In truth, the vaccines remain a major contender as a contributor to a wave of heart deaths. Studies have shown that the coronavirus spike protein by itself damages the heart and that the spike protein can persist in the body for months following vaccination, causing immune system inflammation and debilitating symptoms.
Danish scientist Professor Christine Stabell-Benn analysed the vaccine trial data in a Lancet preprint and concluded that the data show a “potential danger signal” for heart-related deaths connected to the mRNA vaccines. Dr. Peter Doshi, a senior editor of the BMJ, also analysed the trial data and concluded the vaccines appear to be more likely to cause serious injury than prevent it. A concerned heart surgeon in Japan wrote to Virology Journal with a call for all Covid booster vaccinations to be stopped for safety reasons, citing in particular the impact on the heart.
To my mind, the only serious alternative explanation for a wave of specifically cardiovascular excess deaths in the past 18 months is some under-appreciated (and delayed) effect of the virus itself.

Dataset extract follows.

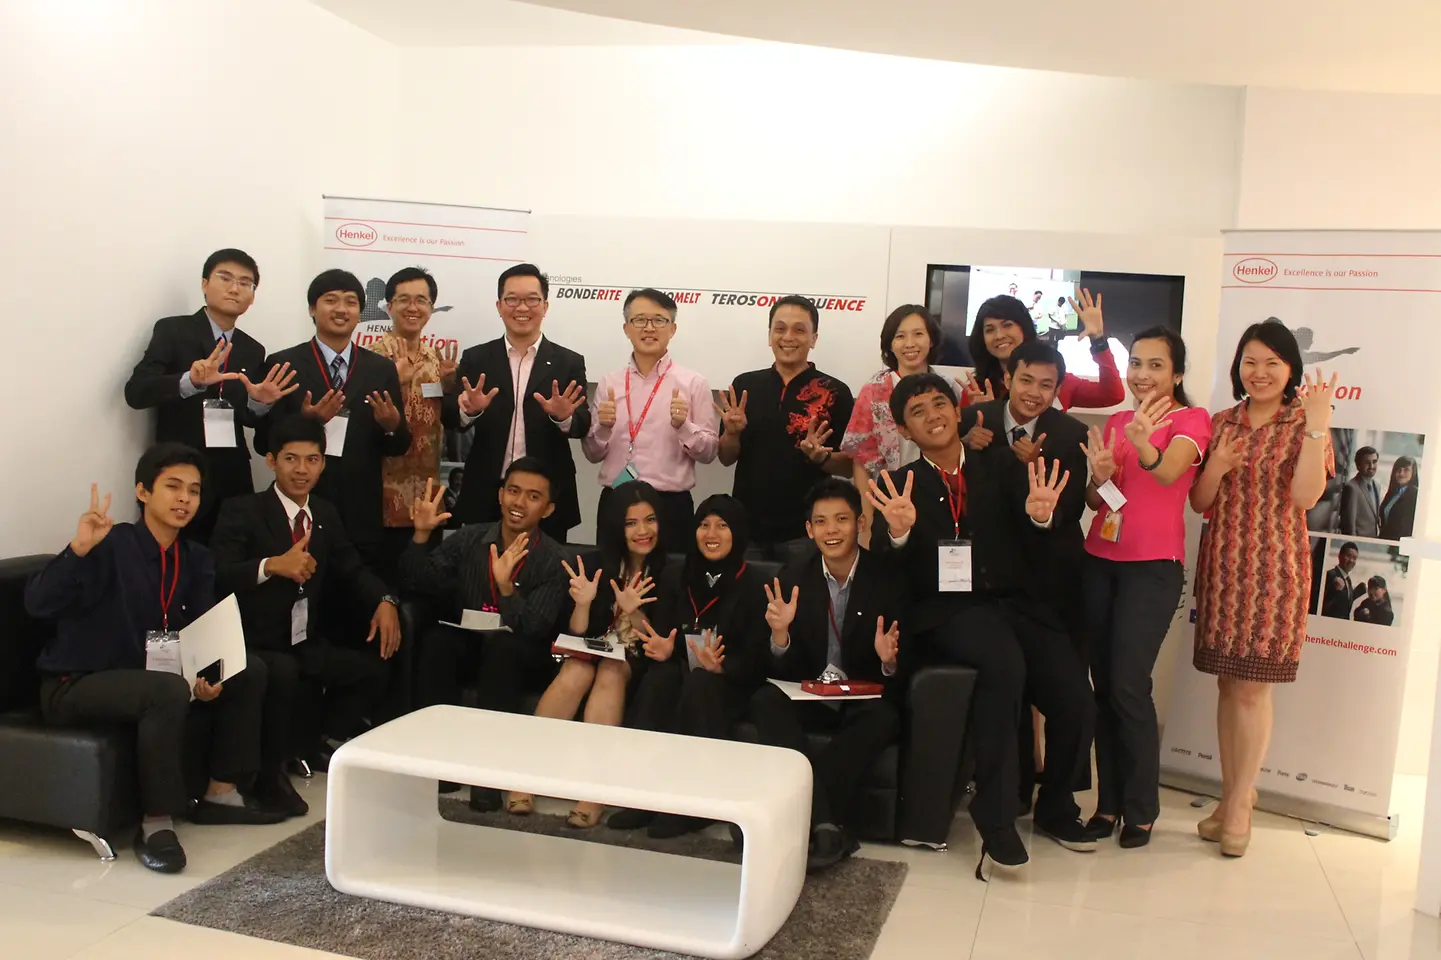 
Henkel employees and semi-finalists at the HIC Indonesia semi-final event. Winners Ratih Siahaan (seated, fourth from left) and Hariawan Christophorus (seated, sixth from left) came up with the innovative idea of an ‘Eco-Dishwashing Wrapper

I don’t think these explanations are mutually exclusive; the impact of vaccination could exacerbate or be exacerbated by the effects of the virus. Either way, the question becomes which is playing the larger role: is it mainly the virus or mainly the vaccines?
My feeling is that this is the central question that needs to be answered by any investigation into the excess deaths, and that increased ambulance waits and delayed access to treatment, while having some impact, will not be the main drivers.
This means the investigation needs to get to the bottom of the vaccination status and Covid history of the deceased, and dig down into which of these is the major culprit. Are we looking at a virus that covertly kills thousands more than we think by attacking the cardiovascular system, or are we looking at a vaccine that does so? Unless an investigation examines this question fully and properly, it will not be worth the paper – or software – it’s written on.